25 years ago today, the Soviet Union disappeared. Watch what’s coming in its place

RASHMEE ROSHAN LALL December 26, 2016

eurasia-unionToday, 25 years ago, the Soviet Union officially became a relic of history. Its hammer and sickle flag was lowered one last time outside the Kremlin at 7:32 p.m. Russia’s red, white and blue flag went up in its place.

It was a sudden, ignominious end for the Soviet Union that had lasted nearly 70 years in service of a social, economic and political model who’s ideas, by 1991, seemed to have run into the sand.

That was then. Twenty-five years on, the former Soviet Union has its proponents. Mikhail Gorbachev, the last man to lead the Soviet Union, recently spoke of the base “treachery” of those who enabled the fall of the Soviet Union. Russian President Vladimir Putin described it as the “greatest geopolitical catastrophe of the century.”

And The Washington Post recently quoted data from the independent polling firm Levada, which showed that about 56 per cent of ordinary Russians regretted the fall of the Soviet Union.

One of the reasons cited is the economic turbulence that followed – not properly stabilizing for the man on the street till 2007 – but there was also lingering regret for a great power, a sense of lost importance.

Apparently, even people beyond Russia shared the wistfulness. As the Post pointed out, a recent survey by the European Bank for Reconstruction and Development and World Bank found that more than half of the respondents from former Soviet states thought a return to an authoritarian regime would be a positive development in some circumstances.

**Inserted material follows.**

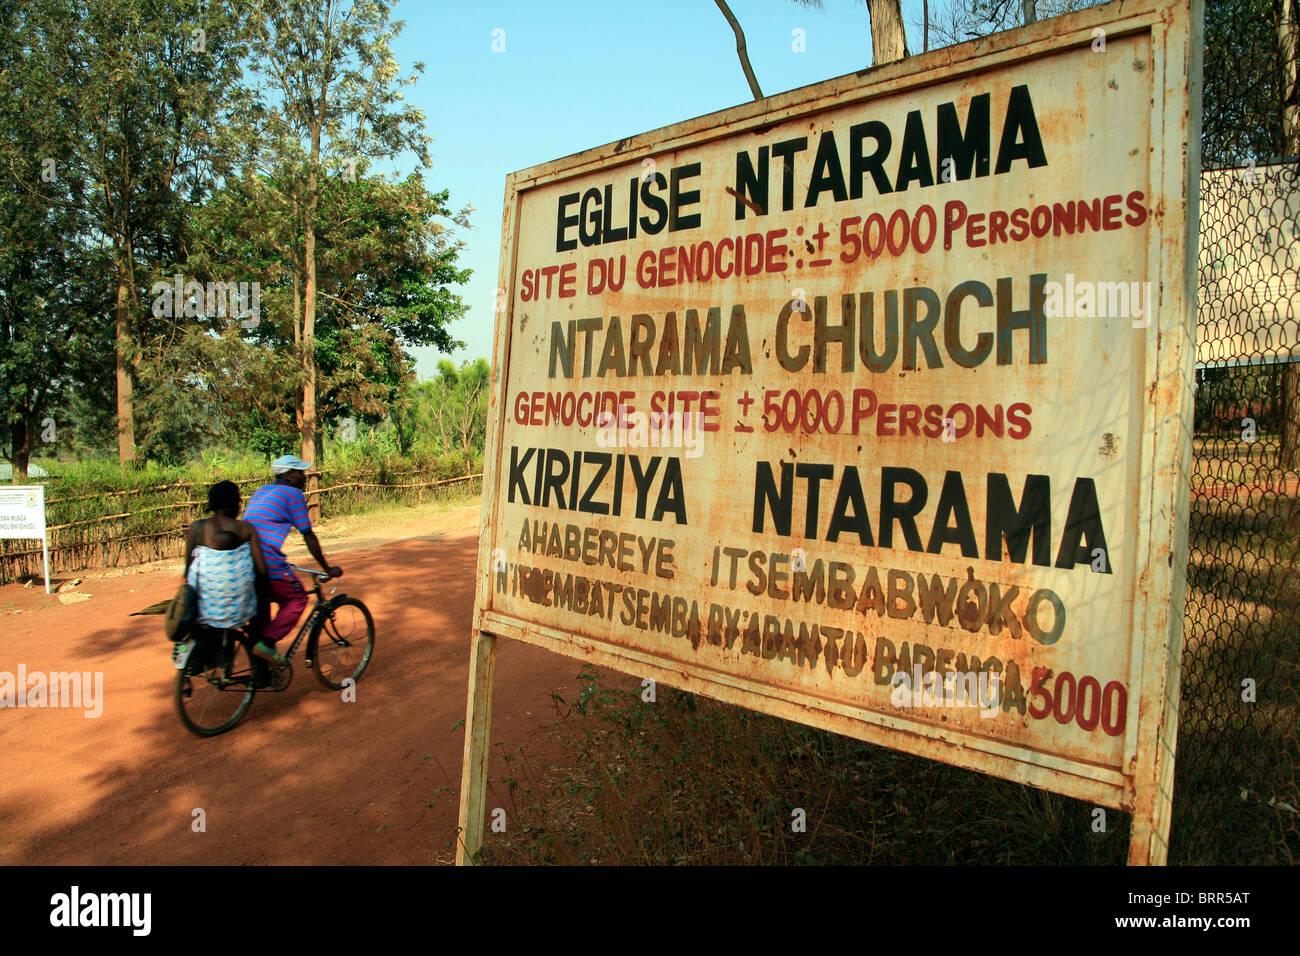 Ntarama Church where 5000 people were killed during the 1994 genocide in Rwanda - Stock Image

Overall, what’s really interesting is that people seem to support the Putinist idea of a new union of some sort. Mr Putin wants a Eurasia Union similar to the European Union and nearly half of the Levada poll’s respondents generally approved of that.

That desire seems to be shared by the leaders who lost the Soviet Union, not least Mr Gorbachev, who admitted it “cannot be restored…but a new Union can be established.”